Clinical findings include atrophy of the labia majora and vaginal introitus. The labia minora may recede. Vulvar and vaginal mucosae may appear pale, shiny, and dry; if there is inflammation, they may appear reddened or pale with petechiae. Vaginal rugae disappear, and the cervix may become flush with the vaginal wall. Vaginal shortening and narrowing tend to occur.20

A thin watery yellow vaginal discharge may be observed. A urethral caruncle, a small, soft, smooth friable red outgrowth along the edge of the urethra, may develop.Go to:

CLINICAL TESTS

The diagnosis of VVA is a clinical one. However, 2 tests may be used to support the diagnosis: a vaginal pH and a vaginal maturation index (VMI). To assess pH, a piece of litmus paper is placed on the lateral vaginal wall until moistened. A pH of 4.6 or greater indicates VVA, assuming the patient does not have bacterial vaginosis. Premenopausal women without VVA typically have a pH of 4.5 or less.12

The VMI (Figure 2) is the criterion standard for VVA confirmation but is generally not used or needed in clinical practice. This test assesses the relative proportion of parabasal, intermediate, and superficial vaginal epithelial cell types. In premenopausal women, greater than 15% superficial cells would be considered normal; however, in postmenopausal women with VVA, the typical proportion would be less than 5%.

FIGURE 2.

FIGURE 2. Photomicrographs of superficial and intermediate cells (top) and atrophic cells (bottom). (Papanicolaou stain; original magnification x20). Courtesy of the Mayo Cytopathology Laboratory. Go to:

DIFFERENTIAL DIAGNOSIS

The differential diagnosis includes other conditions that cause chronic vaginal and vulvar itching, discharge, or pain (eg, vaginal infections, irritants, and vulvovaginal dermatoses). Vaginal infections can be caused by bacteria, viruses, protozoa, and fungi. The 3 most common vaginal infections are Candidavulvovaginitis, bacterial vaginosis, and trichomoniasis. Bacterial vaginosis may result from atrophic changes in the vagina. Irritants that can cause chronic vaginal itch include perfumes, any locally applied lubricant or moisturizer, and soaps. Vulvovaginal dermatoses, including lichen sclerosus, lichen planus, and lichen simplex chronicus, may cause similar symptoms.21 Cancer and precancerous lesions, including vulvar intraepithelial neoplasm, vulvar cancer, and extramammary Paget disease, are in the differential diagnosis of any localized areas of redness, thickening, or ulceration (Table 2). Biopsy should be performed if a malignancy is suspected or if the diagnosis is unclear.

TABLE 2.

TABLE 2. Differential Diagnosis for Symptoms of Vulvovaginal Atrophy Go to:

TREATMENT

Nonhormonal Treatments

Current over-the-counter treatments include nonhormonal vaginal moisturizers for VVA symptoms and lubricants for dyspareunia. Vaginal moisturizers, which are water based, are available as liquids, gels, or ovules inserted every few days. Vaginal moisturizers can be safely used long term, but they need to be used regularly for optimal effect.

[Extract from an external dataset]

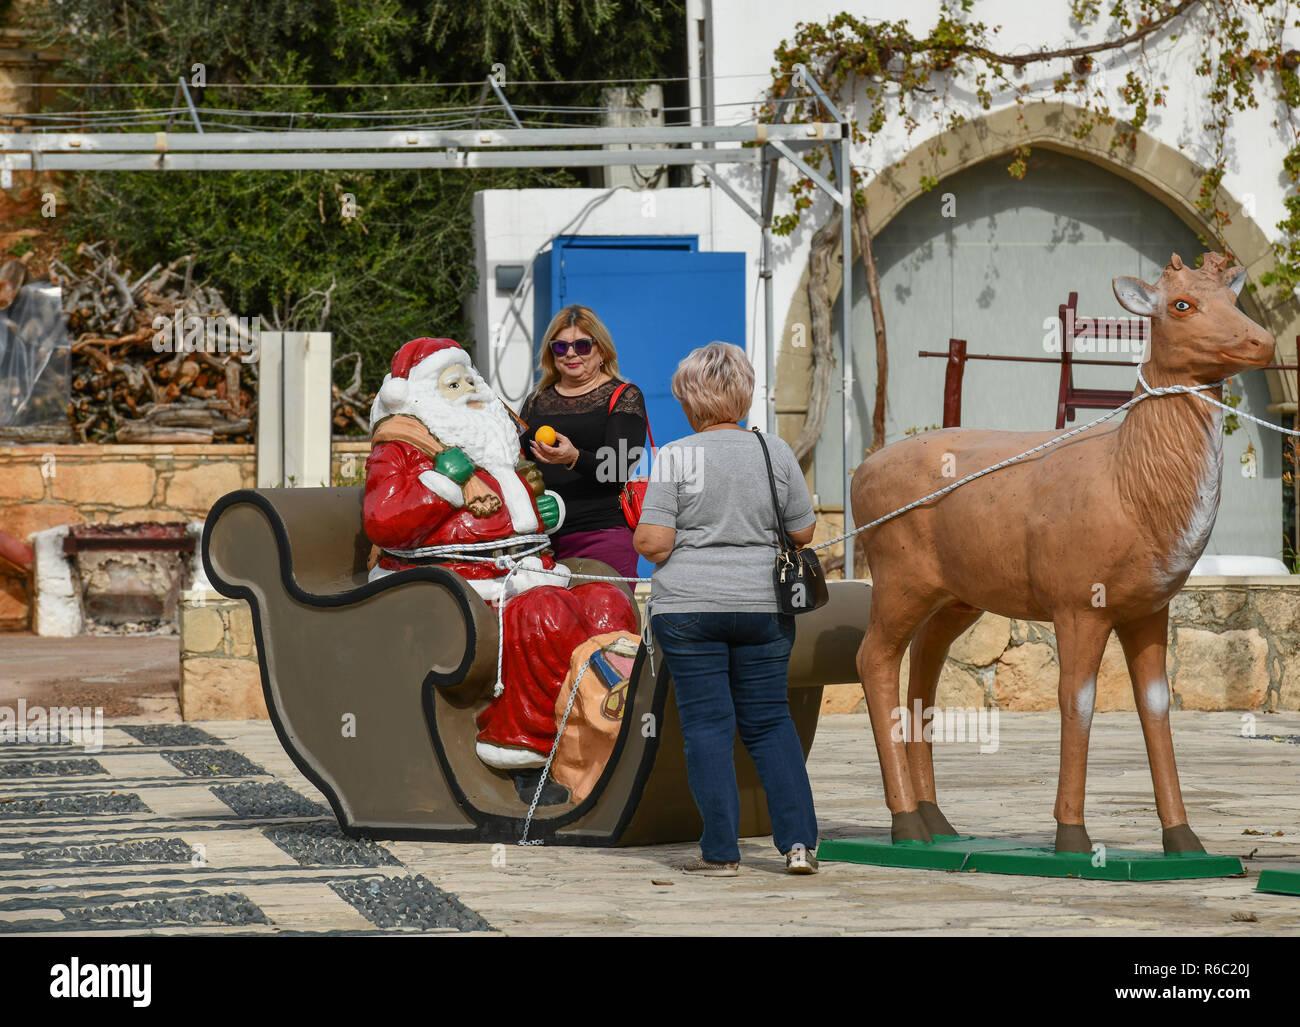 Christmas decoration, Agia Napa, republic Cyprus, Weihnachtsdekoration, Republik Zypern Stock Photo

Vaginal lubricants are shorter acting than moisturizers and are applied at the time of sexual activity to reduce dyspareunia. They can be either water or silicone based, with the water-based products being the most widely available. They are applied to the vaginal opening and/or to the penis and often require repeated application during sexual activity. Silicone-based lubricants require application of only a very small amount and last longer; however, they can interfere with erectile function in male partners. The choice of lubricant may depend on individual preferences and product availability.

Hormonal Treatments

On the basis of an evidence-based review of clinical trials examining available low-dose vaginal estrogen preparations for the treatment of VVA in postmenopausal women, The North American Menopause Society (NAMS) 2007 position statement noted that “the choice of therapy should be guided by clinical experience and patient preference.”22 NAMS also stated it is generally unnecessary to prescribe a progestogen in combination with low-dose vaginal estrogen to prevent endometrial hyperplasia or cancer.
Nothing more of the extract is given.